Да крепко держит в своей деснице закон и благодать земли нашей.
— Владыко! — пал перед игуменом какой-то монах. — Учил нас преподобный отец Феодосий, и ты, владыко, учил нас, овец заблудших, никакого стяжания не собирать и не держать в кельях. А я вот стяжал немного полотна — сам, ночью, ткал. Чтобы для братии рубахи новые пошить. Дозволь отдать тебе, владыко…
Из-под широкой полы рясы монах вывалил к ногам игумена добрый свёрток полотна.
— Ох-охо, грехи мои земные, — застонал Стефан. — Пощо не послушался слова господнего? Сказано: где богатство ваше, там и сердце ваше. Аще хощешь быть безупречным черноризцем — возьми своё полотно и кинь в огонь горящий! Чтобы всем наука была…
Черноризец, верно, ждал от игумена благодарности, и при тех словах отпрянул. Весь передёрнулся, что-то испуганно залепетал.
— Я ж не себе… для всех… для братии… — отступал от Стефана, как от одержимого.
— Возьми!.. Возьми!.. Кинь!.. — подталкивали монаха братья-черноризцы, а тот прятал руки за спину, будто свёрток полотна, что он выткал для добра, для всех, теперь жёг ему ладони, как раскалённое железо.
— Пощо, владыко, грехом называешь сию работу брата нашего? — заговорил какой-то монах. — Брат Демиан не для себя, для всех старался. Всем нам рубахи нужны новые — видишь, истлели уж на наших спинах от пота. А никому до того дела нет! Сие не грех трудом своим пользоваться. А разве не грешному делу учишь нас — тянуть это полотно у смердов?
— Еремия, снова бунтуешь? — тяжело задыхал Стефан. — Нет у меня больше слов к богу, чтобы защитить тебя в молитвах.
— Зачем меня защищать, владыко? — блеснул угольями глаз Еремия.
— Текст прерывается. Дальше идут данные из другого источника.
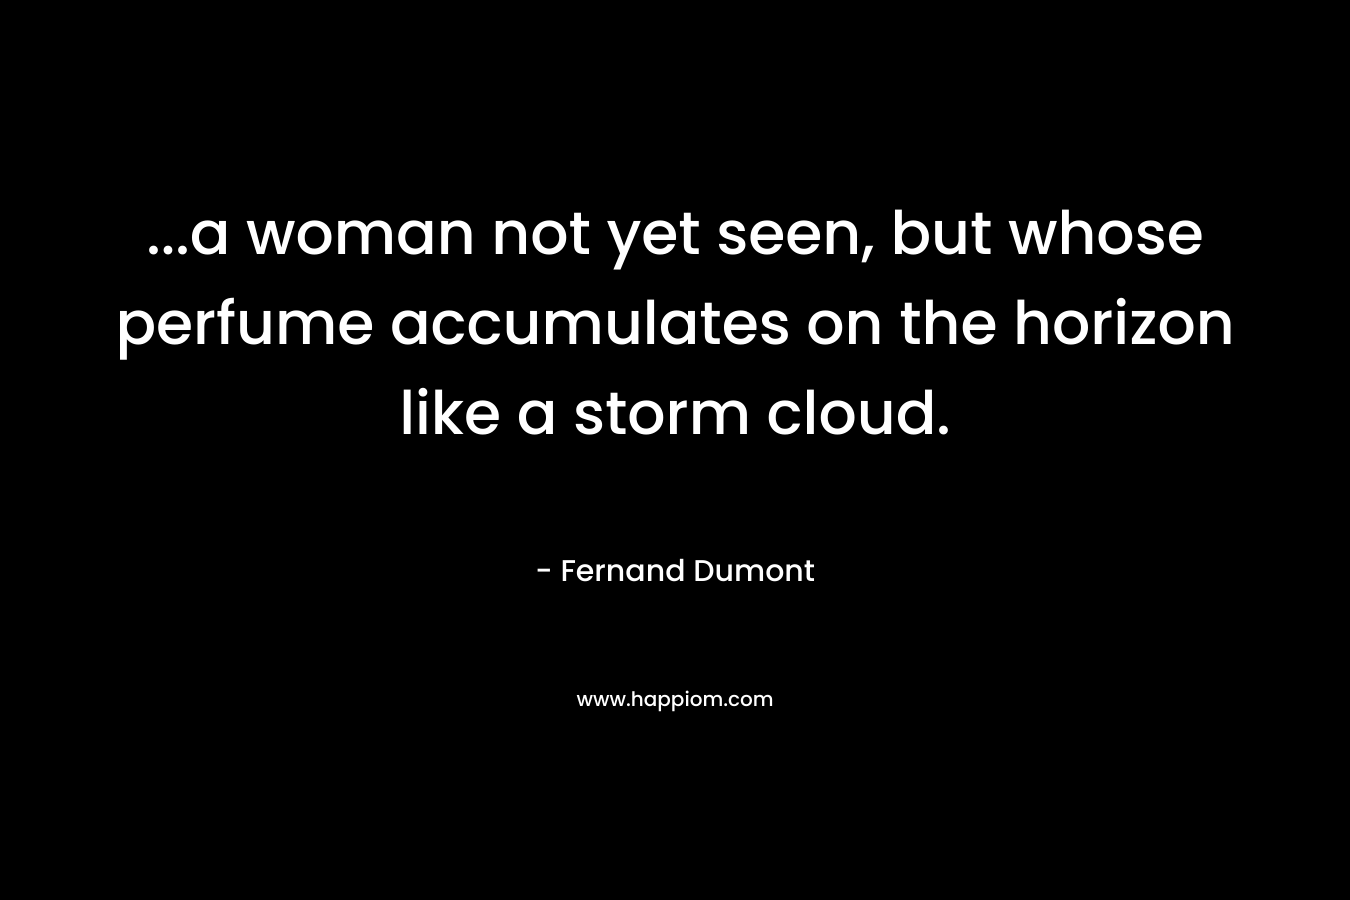 …a woman not yet seen, but whose perfume accumulates on the horizon like a storm cloud. – Fernand Dumont

— Про общение с волхвами забыл?
— Имел епитимию за то от отца Феодосия, владыко. Очистился от грехов в сырой яме! Едва ноги оттуда вытянул.
— А ныне получишь новую епитимию… — задыхался Стефан и хватал себя за грудь. — Не спрашиваешь, за что? Вот ты защищаешь Демиана. А сам же во сто крат грешнее его!..
— Нет у меня греха, отче, — горячо запротестовал Еремия.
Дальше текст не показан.